In the months before being recruited to St. Jude Children’s Research Hospital, I wasn’t looking to leave my job at the University of Minnesota. We were making wonderful progress in our research work, and, importantly, my wife and two young daughters were happy in Minnesota.
When I received a call that St. Jude was looking for a new Structural Biology Department chair, I was flattered but not interested in leaving. But through a series of events, I had the opportunity to visit the St. Jude campus and my perspective changed. I saw the commitment from leadership and the opportunity to build a world-class Structural Biology Department. I jumped at the opportunity and joined St. Jude in August 2017.
Structural Biology is a rapidly evolving area of science. It’s an exciting time for our field—three biophysicists received the 2017 Nobel Prize in Chemistry for developing the cryo electron microscopy technique (cryo-EM), which revolutionized the way we determine structures of biomolecules and large protein assemblies.
Structural biology gives shape to biomolecules such as protein, DNA, RNA and organelles. Our department’s goal is to understand life and disease at atomic detail.
But looking at one structure is not sufficient to fully comprehend how biomolecules function—we need a comprehensive view of how their structures change over time. By understanding how different biomolecules come together in the cell or outside of the cell, we learn more about life’s most fundamental processes and the diseases that result when these processes malfunction.

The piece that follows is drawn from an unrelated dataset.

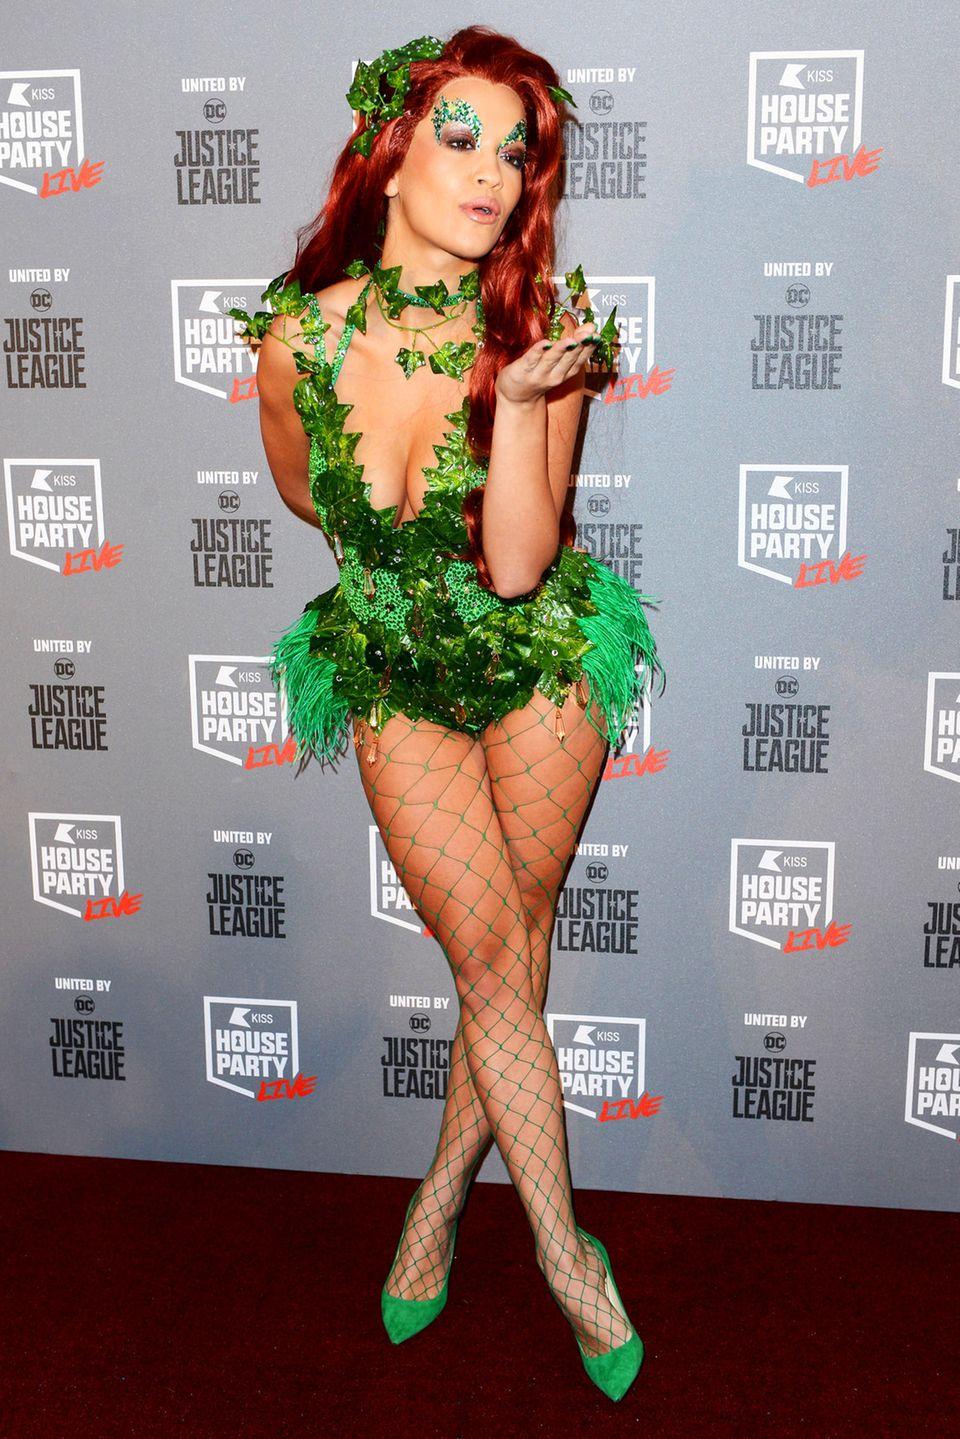 Die Sängerin Rita Ora war mit ihrem Körper nicht immer zufrieden. Heute hat sie ihre Selbstzweifel hinter sich gelassen und ist stolz auf86-63-89 Maße. Die hübsche Britin misst eine Körpergröße von 1,66 Meter.
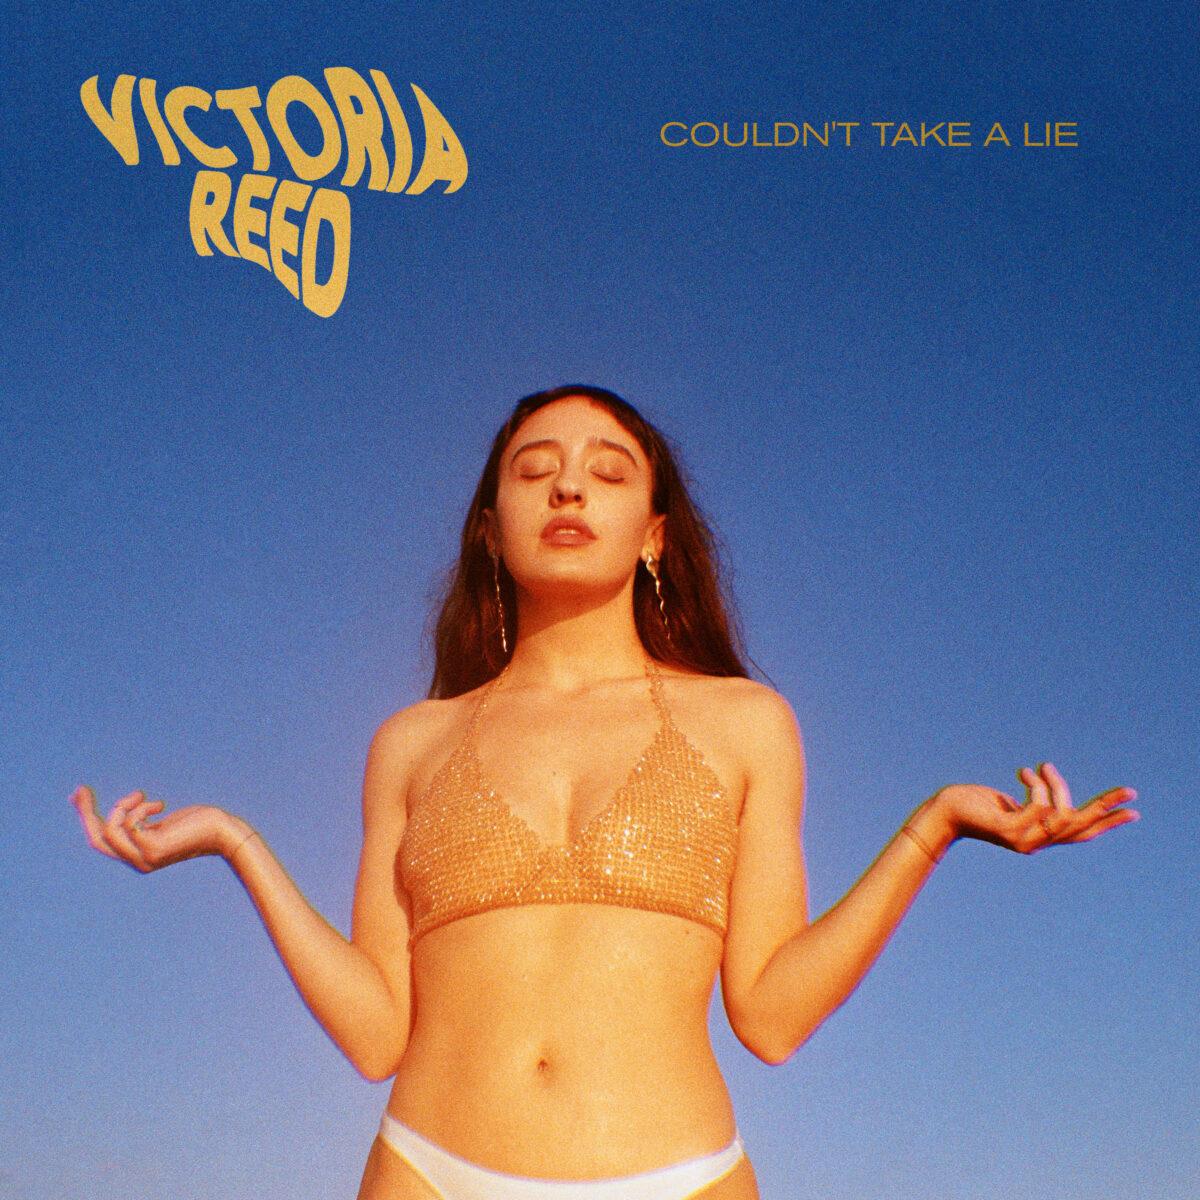 victoria reed estrena couldnt take a lie para celebrar el lanzamiento del vinilo de aquamadre unnamed 3

We are growing our Structural Biology department into a worldwide resource for researchers through sophisticated biophysical techniques such as nuclear magnetic resonance (NMR) spectroscopy, crystallography, cryo-EM, single-molecule spectroscopy and mass spectrometry. St. Jude has made a strategic decision to invest in these high-resolution tools and techniques to help us achieve our goals.
A key component of our efforts will be the installation of the world’s most powerful NMR magnet later this year. The 1.1-gigahertz magnet will enable us to view atomic structures of large and dynamic complexes. In addition, we are seeking to build upon the foundations of our existing work in crystallography and mass spectrometry as well as building a world-class single molecule center to examine the behavior of individual molecules.
Our Cryo-EM center is now online—this revolutionary new technique has taken the scientific world by storm, and we will integrate this with our other systems to capture the full picture of biomolecules. Our center houses two powerful electron microscopes to help us examine the structures of large protein complexes.
I’m following in the footsteps of Stephen White, DPhil, whose remarkable work as department chair in the last two decades laid the foundation for structural biology at St. Jude. We seek to expand on that legacy by integrating these systems into our work.
With this strong commitment to establishing a world-class research program in structural biology at St. Jude, we seek to change the way we look at the world.